Friday, May 31, 2019
The Delaware Court of Chancery has ruled that plaintiffs suing Facebook established a basis to inspect records relating to compliance with a consent decree
In July 2018, Facebook, Inc. (“Facebook” or the “Company”) experienced one of the sharpest single-day market value declines in history when its stock price dropped 19%, wiping out approximately $120 billion of shareholder wealth. This unprecedented misfortune followed news reports that, in 2015, the private data of 50 million Facebook users had been poached by Cambridge Analytica, a British political consulting firm.
Facebook did not disclose this security breach to its users upon discovery or at any time thereafter. Users first learned of the breach when they read or heard about it in the news.
At the time of the Cambridge Analytica breach, Facebook was subject to a consent decree entered by the Federal Trade Commission (the “FTC”) in 2011 (the “Consent Decree”) after the FTC determined that the Company’s data privacy measures were not protecting users’ private information. Among other things, the Consent Decree required Facebook to implement more robust and verifiable data security protocols.
Soon after news of the Cambridge Analytica breach broke, reports surfaced that Facebook’s business model included incentives to monetize its users’ data without their consent. These reports were followed by news that the FTC, Federal Bureau of Investigation (“FBI”), Securities and Exchange Commission (“SEC”), Department of Justice (“DOJ”), European Information Commissioner’s Office (“ICO”) and other European authorities had all opened investigations into Facebook’s data privacy practices.
On April 11, 2018, Plaintiff, Construction and General Building Laborers’ Local No. 79 General Fund (“Local No. 79”),served a demand to inspect Facebook’s books and records (the “Demand”) under Section 220 of the Delaware General Corporation Law (“Section 220”). As required by statute, Local No. 79 stated that its purpose for inspection was to “investigate and assess the actual and potential wrongdoing, mismanagement, and breaches of fiduciary duties by the members of the Company's Board” in connection with the data privacy breaches and “to investigate the independence and disinterestedness” of the Company’s directors. In response, Facebook produced about 1,700 pages of significantly redacted books and records.
Negotiations over access broke down and suit was filed
Facebook asserted the Complaint failed to plead a credible basis to infer that Facebook’s directors breached their duty of oversight, or any other aspect of their fiduciary duties, because the Cambridge Analytica breach resulted from the unanticipated acts of third parties who had managed to compromise Facebook’s existing (and adequate) data privacy systems.

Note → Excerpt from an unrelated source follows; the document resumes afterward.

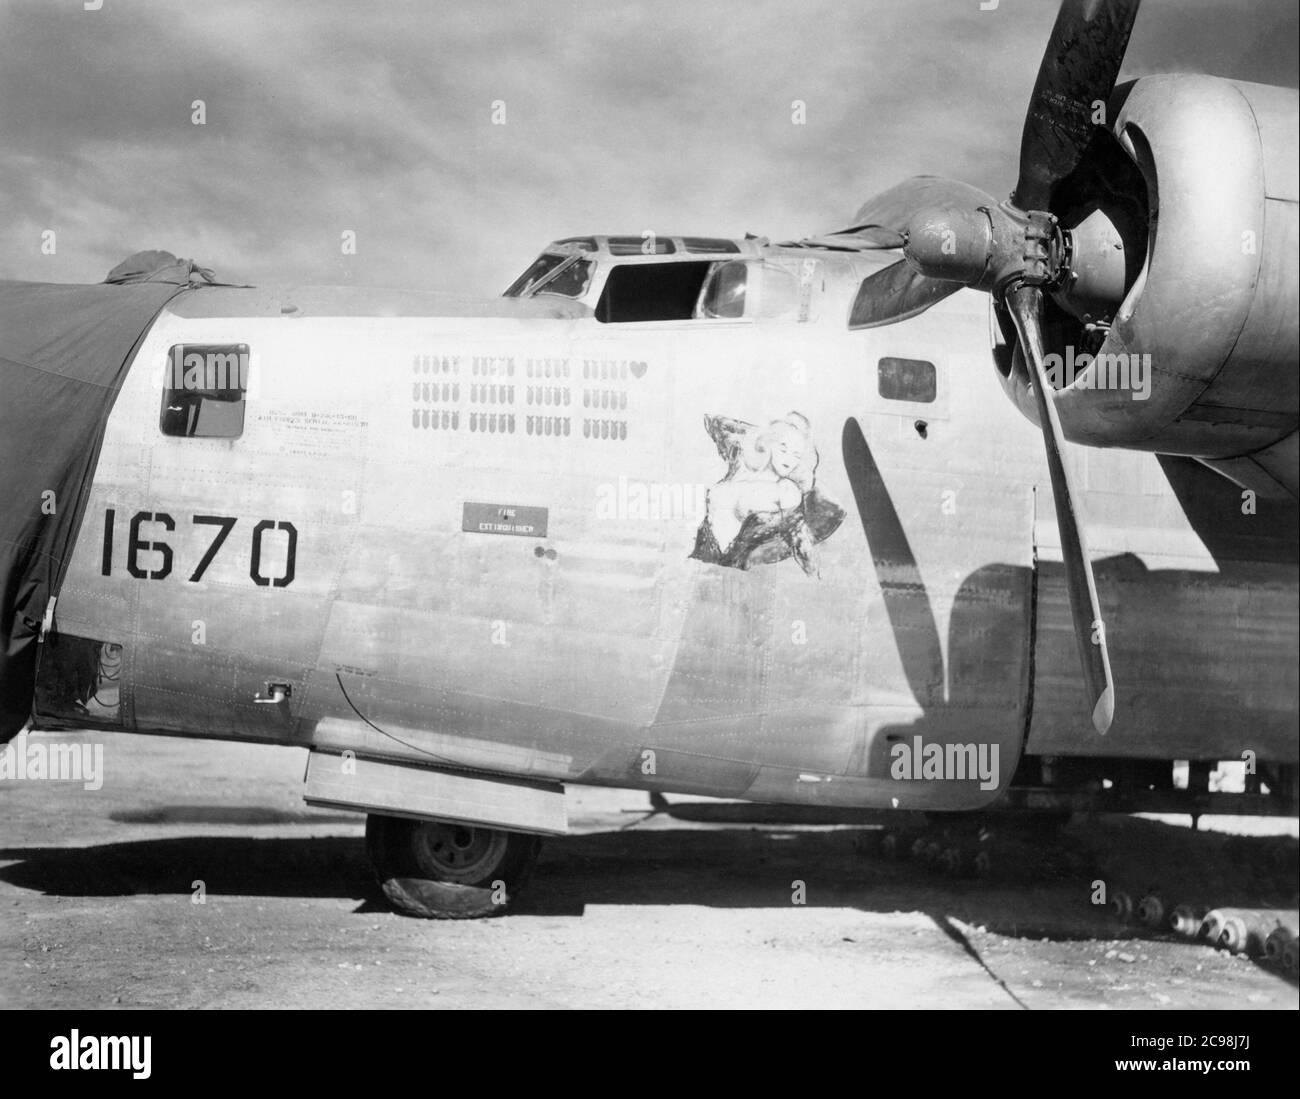 Consolidated B-24 Liberator number 1670 between missions on Guam, July, 1945. As the 75th anniversary of V-J Day approaches, The Consoli Collection has published four photo essays by U.S. Navy Lt. (j.g.) Joseph J. Consoli. The photos were taken between July and December 1945 in the Mariana Islands. They document U.S. Navy life before and after the Japanese surrender. Stock Photo

In the wake of the Consent Decree, Facebook was under a positive obligation to take specific steps to protect its users’ private data. That obligation was firmly in place at the time of the Cambridge Analytica breach. Delaware courts traditionally have viewed stockholder allegations that a board failed to oversee the company’s obligation to comply with positive law, or positive regulatory mandates, more favorably in the Caremark paradigm than allegations that a board failed to oversee the company’s efforts generally to avoid business risk. Plaintiffs have presented “some evidence” that the Board failed to oversee Facebook’s compliance with the Consent Decree resulting in unauthorized access to its users’ private data and attendant consequences to the Company. In other words, Plaintiffs have sustained their minimal burden to demonstrate a credible basis of wrongdoing justifying the inspection of certain of the Company’s books and records.